Barley (Hordeum vulgare L.) is ranked as the fourth most important cereal crop in the world. It can also be grown profitably on stress–susceptible marginal environments (Murphy et al. 2014).

Take–all is one of the globally present diseases of barley (Kazemi et al. 2008), caused by the fungus Gaeumannomyces graminis var. tritici (Sacc.) v. Arx & Olivier var. tritici Walker (Ggt). Take–all manage–
ment approaches in agricultural fields consist of crop rotation and tillage (Liu et al. 2009). Resistant cultivars of barley to take–all are not available and methods to control this disease by fungicides are insufficient. Fungicides are often dangerous to apply and cause serious environmental concerns. Therefore, investigation for other control methods such as biological control is necessary.

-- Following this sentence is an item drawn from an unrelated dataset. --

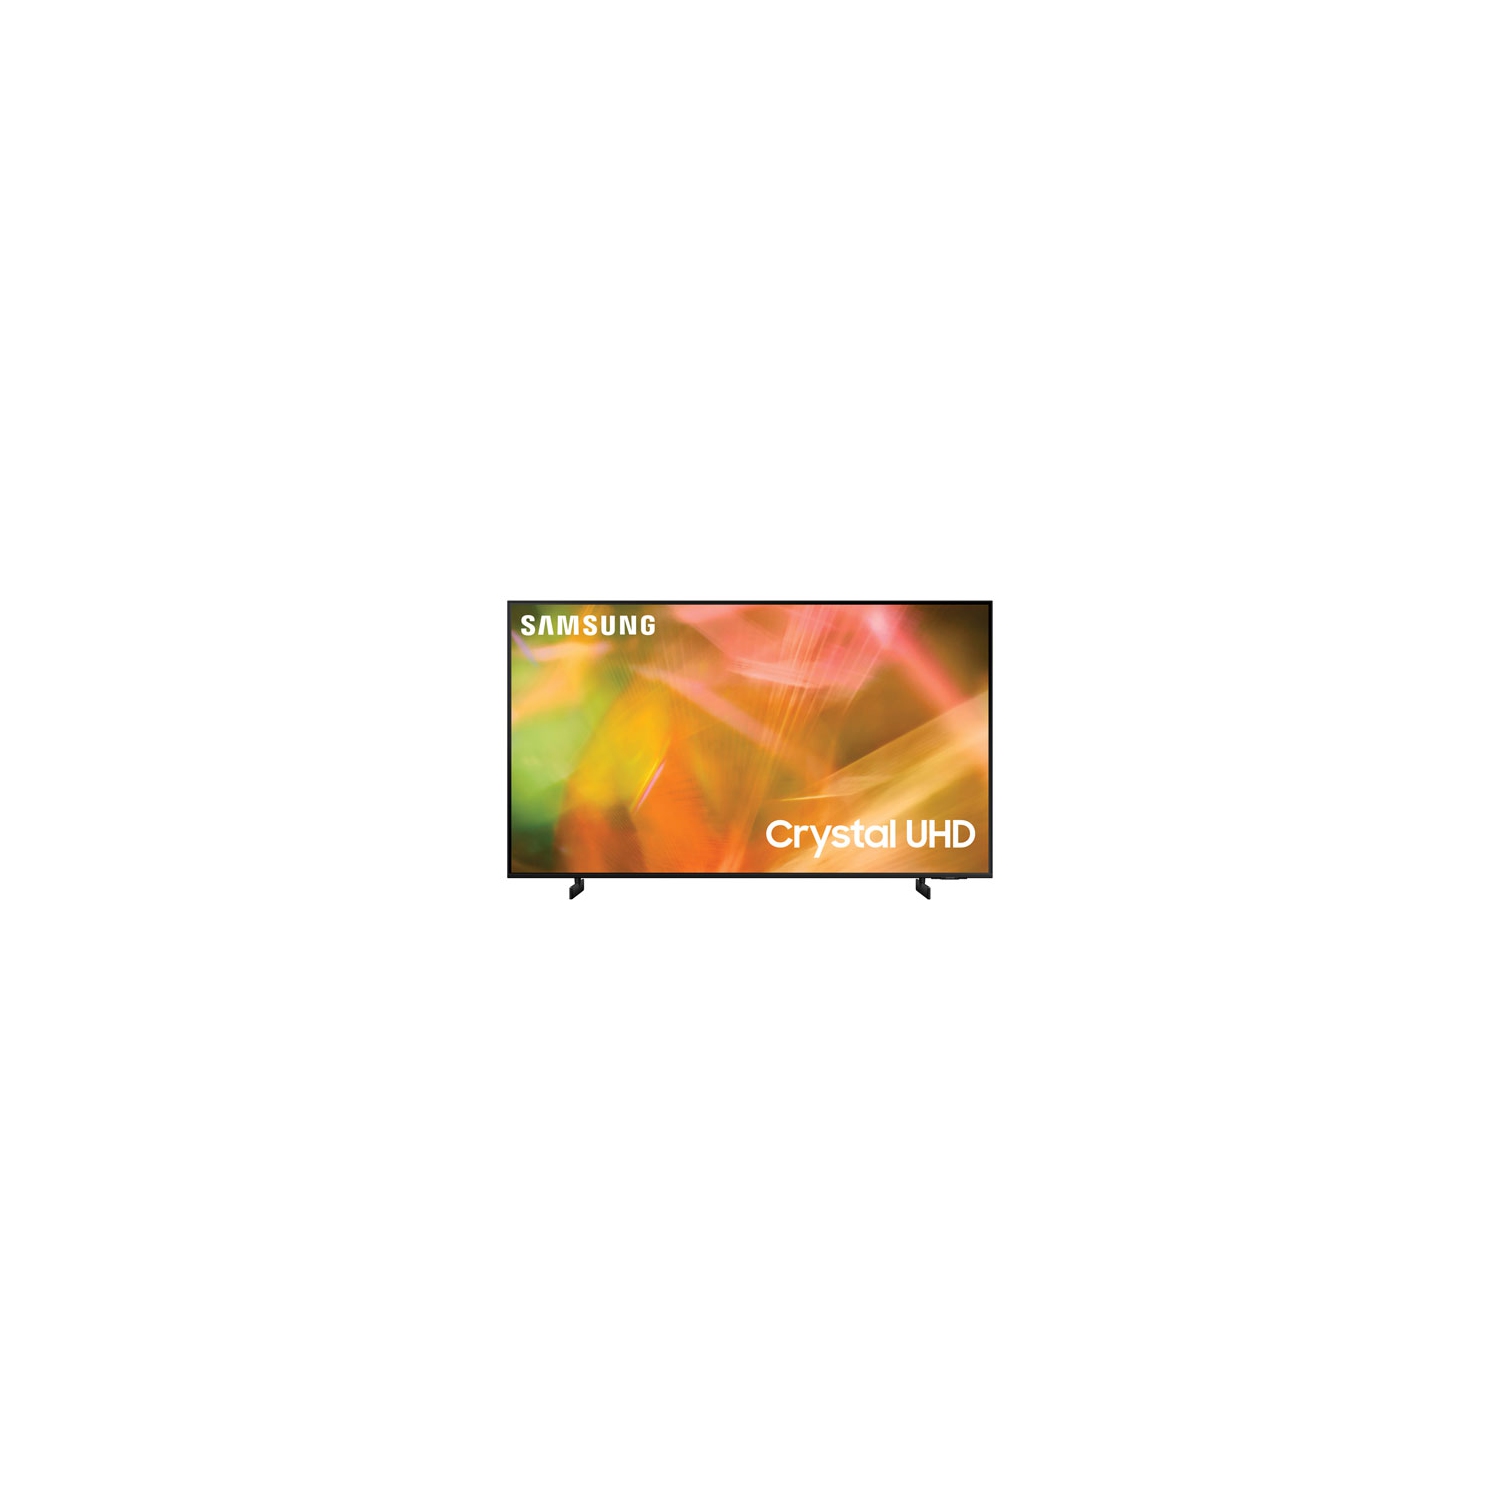 Samsung 55" OPEN BOX Crystal UHD Smart TV AU8000 (UN55AU8000) Brand New Condition With One Year Samsung Warranty

Colonization of plant roots by endophytic fungi may confer benefits to the host such as enhanced resistance to pathogens and improved stress tolerance or improved plant growth. Needless to say, endophytic fungi of barley can have high agricultural significance (Murphy et al. 2013). Studies have shown that Microdochium bolleyi (syn.: Idriella bolleyi) is a frequent and successful endophyte in plant roots, particularly those of grasses, such as wheat,barley, oats, native and invasive pasture grass and beach grasses (Sieber & Grunig 2013). Microdochium bolleyi form typical dark septate endophytic structures in the roots (David et al. 2016). Microdochium bolleyi exhibited suppression of different foliar and soilborne plant pathogens including Septoria nodorum (Sieber et al. 1988), Fusarium culmorum and Bipolaris sorokiniana (Duczek 1997, Knudsen et al. 1995) and G. graminis var. tritici (Kirk & Deacon 1987).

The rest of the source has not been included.